The Supreme Court is expected to issue a ruling this month on the federal Defense of Marriage Act and a California law known as Proposition 8. The decisions could mean same-sex couples will want to review their federal income taxes and estate plans.

Experts on the issues raised by the cases from the law firm McDermott Will & Emery discussed the financial implications during a webinar Monday.

The Defense of Marriage Act, passed in 1996, restricts federal marriage benefits for income tax and other purposes. It requires states to recognize other states' marriage contracts only if they involves opposite-sex couples. At stake in the federal case is whether the government has to recognize a marriage validly performed in any state or jurisdiction.

Proposition 8 says only marriage between a man and a woman is valid in California. In that case, the court could decide whether it is unconstitutional for California to prohibit same-sex couples from marrying.

If the Supreme Court decides it is unconstitutional to ban same-sex marriage, married same-sex couples will want to review their federal tax returns for the last three years to see if they want to refile as married. Currently, the federal government does not recognize same-sex marriages and couples have had to file as married on the state level and as single on the federal level.

“Couples will not be required to refile tax returns, so they should talk to an advisor to see if it makes sense for them,” says Nicole Pearl, private client partner with experience in estate and tax planning for LGBT couples with McDermott Will & Emery. “If couples are not married, they will want to see if it is advisable for them to get married.”

Currently, for heterosexual couples, estates are not taxed until both spouses die, but for same-sex couple they are taxed when one spouse dies. If the court recognizes same-sex marriages, couples will want to amend their estate plans to take advantage of this change, Pearl says.

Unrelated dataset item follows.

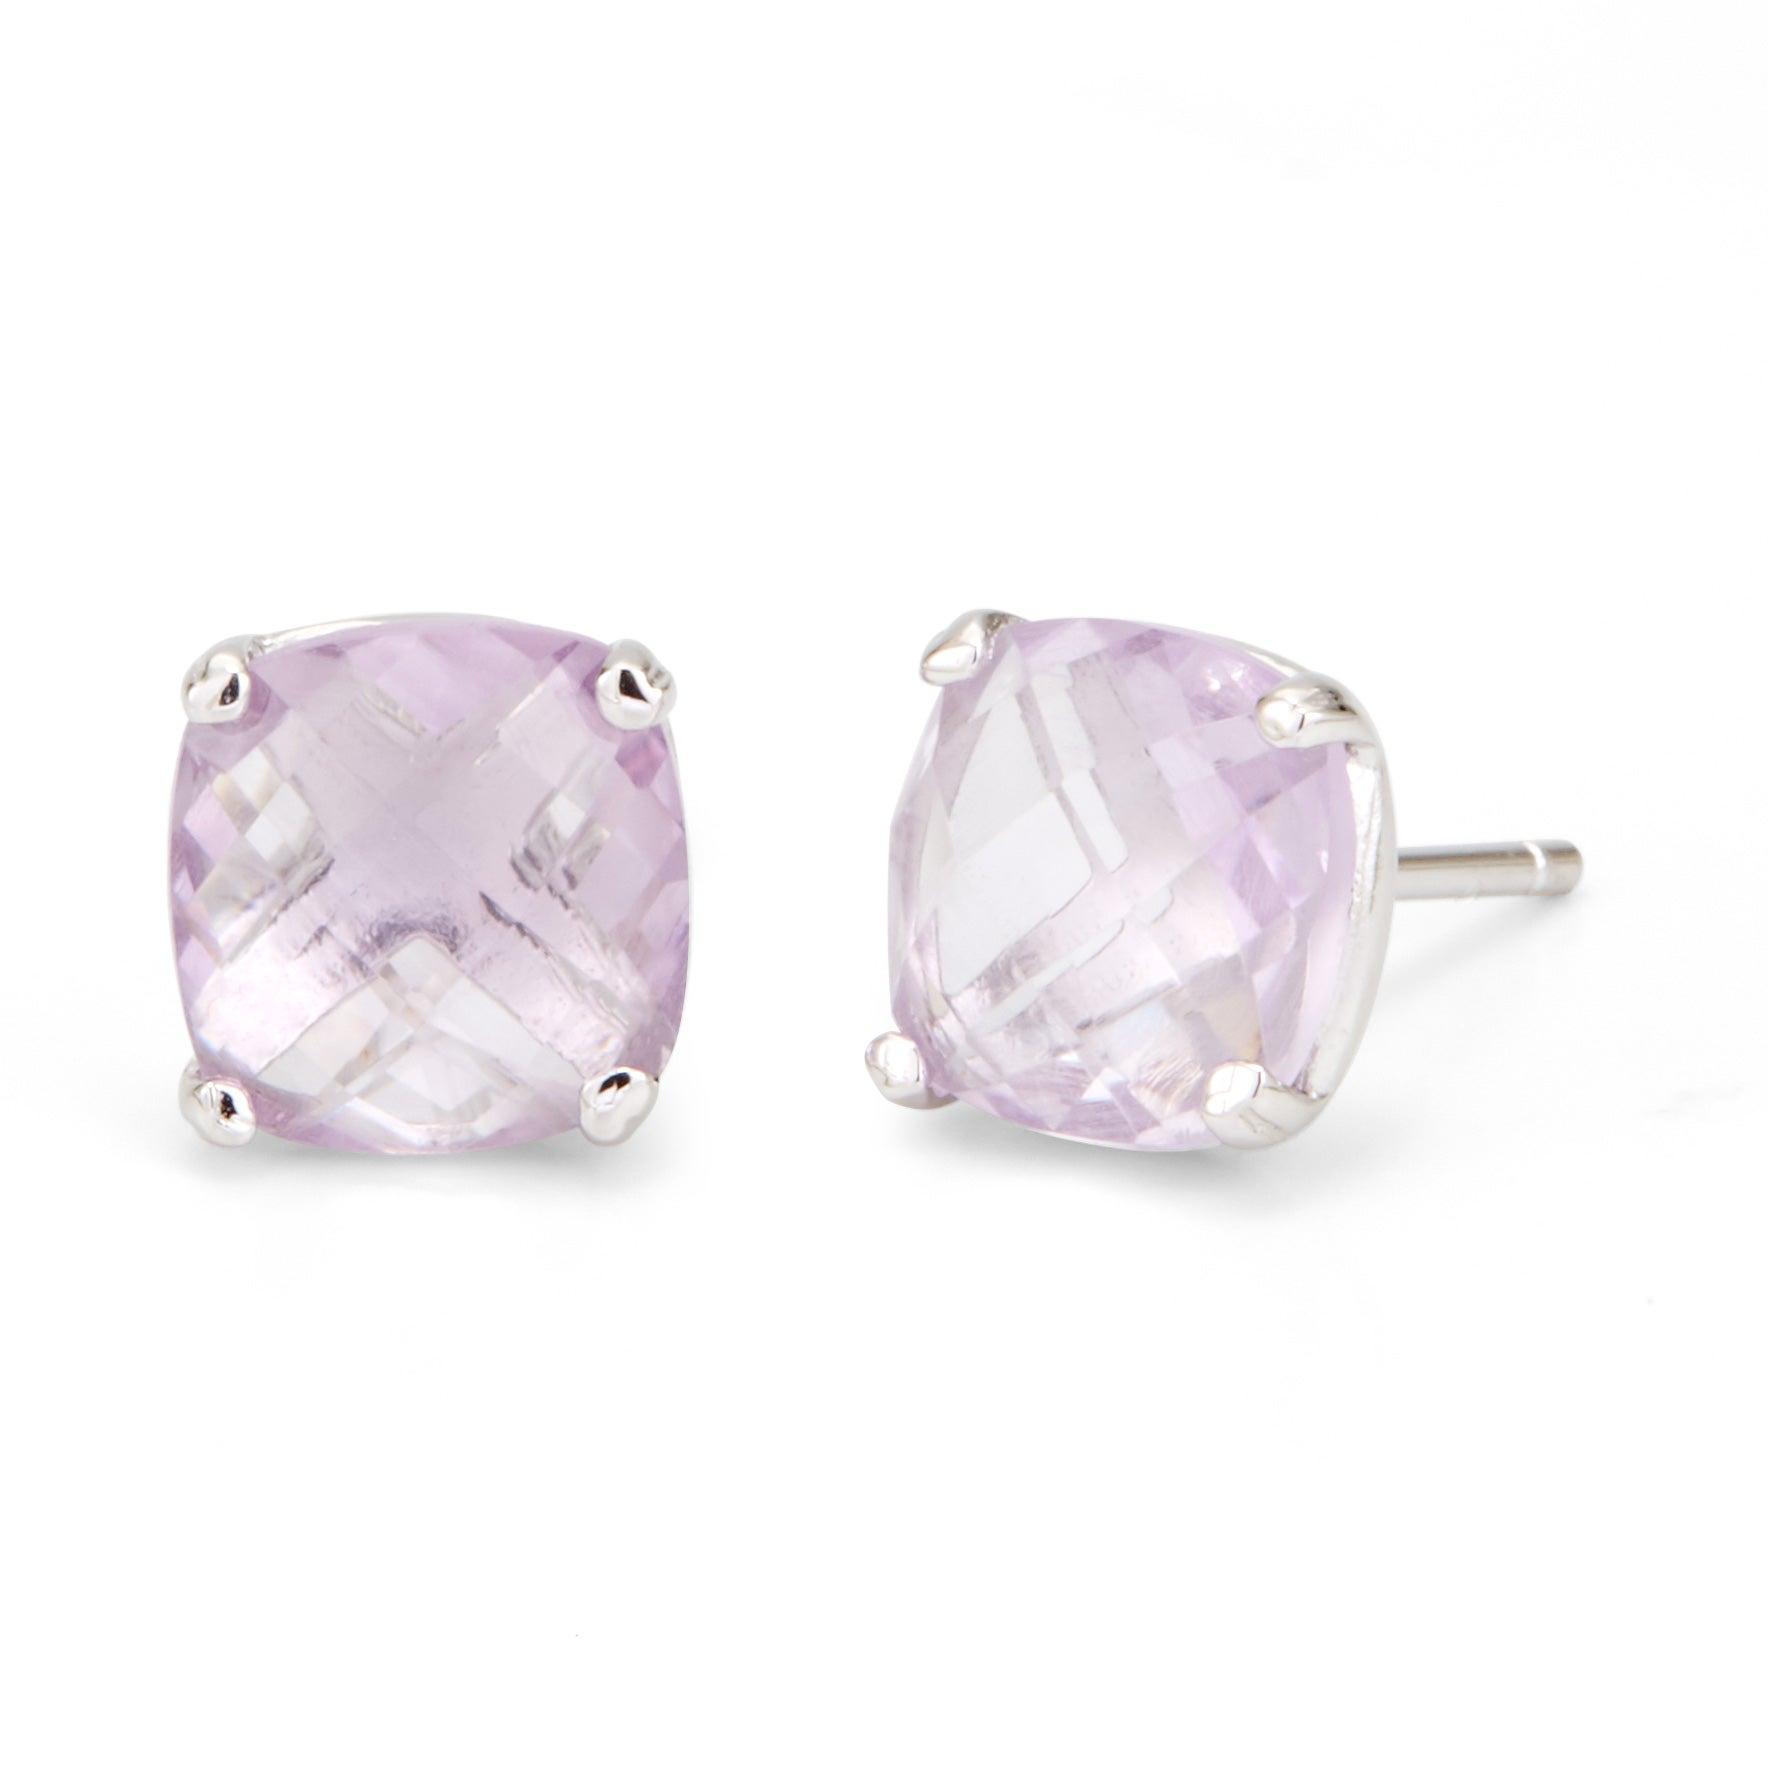 June Pink Amethyst Cushion Cut Gemstone Silver Earrings

The decision would probably take affect immediately. “I cannot image them saying something is unconstitutional and letting it continue for some time into the future,” she adds. Twelve states allow same sex marriages and 38 do not.

Employers are hoping the decision will simplify the administrative work connected with paying benefits to same-sex couples, says Todd Solomon, employee benefits partner at McDermott Will & Emery and an authority on domestic partner benefits.

Employee benefits paid to same-sex spouses now are taxed as income because the federal government does not recognize the marriage. For heterosexual couples, the benefits for the spouse are not taxed and can be paid for with pretax dollars. The current system requires two sets of procedures for those employers who provide benefits to same-sex couples.

Whether the decision will simplify record keeping for health and retirement benefits remains to be seen, Solomon says.